PROJECT ABSTRACT Loss of muscle cell adhesion is emerging as a common theme in muscular dystrophies. In skeletal muscle, the dystrophin-glycoprotein complex is located at the sarcolemma and is composed of peripheral and integral membrane proteins. As a whole, this complex links the extracellular matrix to the intracellular actin cytoskeleton and provides structural stability to the sarcolemma during muscle contraction. Duchenne muscular dystrophy, the most common form of dystrophy, is caused by mutations in the dystrophin gene that result in loss of dystrophin protein and the entire dystrophin-glycoprotein complex. My research group has pioneered several key discoveries related to the function of sarcospan, an integral component of the dystrophin-glycoprotein complex. We have shown that sarcospan plays an important role in mediating protein interactions within this complex. Sarcospan affects communication between the dystrophin-glycoprotein complex and the extracellular matrix. Importantly, we demonstrate that mild sarcospan over-expression in mdx mice, which possess a mutation in the murine dystrophin gene, rescues muscular dystrophy by stabilizing expression of a complex of compensatory proteins that is functionally analogous to the dystrophin-glycoprotein complex, including a7b1 integrin. The current 4R01 proposal builds on discoveries made during the prior funding periods by interrogating specific mechanisms by which sarcospan ameliorates disease in dystrophin- deficient mdx mice. We will test the hypothesis that sarcospan enhances a7b1 integrin outside-in and inside- out signaling. We will investigate the extracellular matrix of mdx muscle that is overexpressing sarcospan to determine how sarcospan affects the composition, organization, and mechanical properties of the extracellular matrix. Lastly, we will use our decellularization protocol to isolate the extracellular matrix and test its interaction with human iPSC-derived skeletal muscle progenitors to test principles of bidirectional communication in a newly developed in vitro model system. We expect that our results will illuminate molecular pathways that counter a broad range of muscle wasting disorders due to loss of extracellular matrix contact.

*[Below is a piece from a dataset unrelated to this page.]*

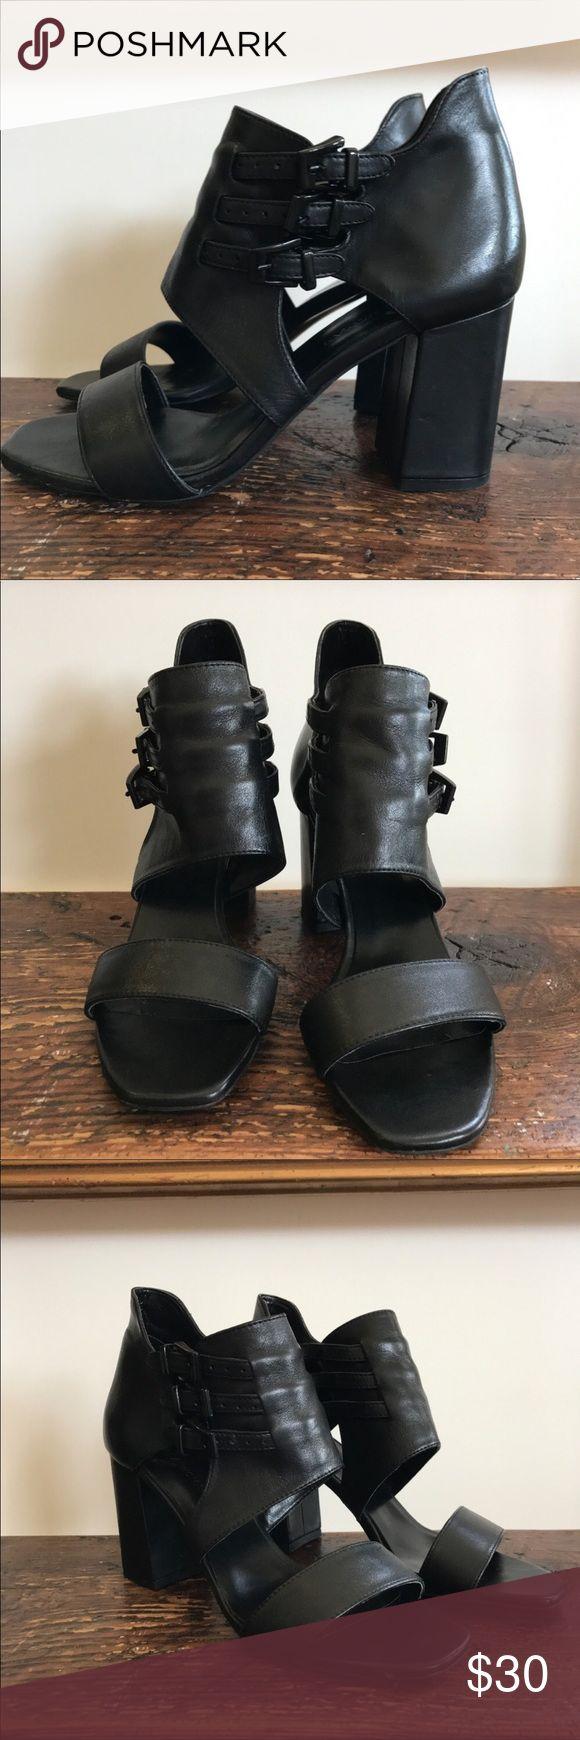 Black Zara Sandals By Zara, purchased at Zara Barcelona Store  Size EU 38, US 8, true to size  Worn once, like new Zara Shoes Sandals

项目摘要 肌肉细胞粘附性丧失是肌营养不良症的一个共同主题。在骨骼肌中， 肌营养不良蛋白-糖蛋白复合体位于肌膜，由周围型和整体型组成 膜蛋白。作为一个整体，这个复合体将细胞外基质与细胞内肌动蛋白联系起来 细胞骨架，并在肌肉收缩过程中为肌膜提供结构稳定性。杜兴 肌营养不良是最常见的营养不良形式，是由营养不良蛋白基因突变引起的 导致肌营养不良蛋白和整个肌营养不良蛋白-糖蛋白复合体的丢失。我的研究小组已经 率先发现了与sarcospan功能有关的几个关键发现，sarcospan是 营养不良蛋白-糖蛋白复合体。我们已经证明，蔗糖在调节蛋白质方面起着重要作用。 在这个综合体内的相互作用。Sarcospan影响肌营养不良蛋白-糖蛋白之间的通讯 复合体和细胞外基质。重要的是，我们证明了mdx中轻度sarcospan的过度表达。 拥有小鼠营养不良蛋白基因突变的小鼠通过稳定肌肉营养不良来拯救肌肉营养不良 一种功能类似于肌营养不良蛋白糖蛋白的补偿蛋白复合体的表达 复合体，包括7b1整合素。当前的4R01提案建立在之前 通过询问SarcSpan改善Dstrophin疾病的特定机制来获得资金- Mdx缺陷小鼠。我们将检验这样的假设，即SarcSpan由外而内和由内而外增强a7b1整合素- 发出信号。我们将研究mdx肌肉的细胞外基质过度表达sarcspan到 确定蔗糖如何影响细胞外膜的组成、组织和机械性能 矩阵。最后，我们将使用我们的脱细胞方案来分离细胞外基质并测试其 与人IPSC来源的骨骼肌祖细胞相互作用以测试双向原理 一种新开发的体外模型系统中的通信。我们希望我们的结果能说明 对抗由细胞外基质丢失引起的广泛肌肉萎缩障碍的分子途径 联系。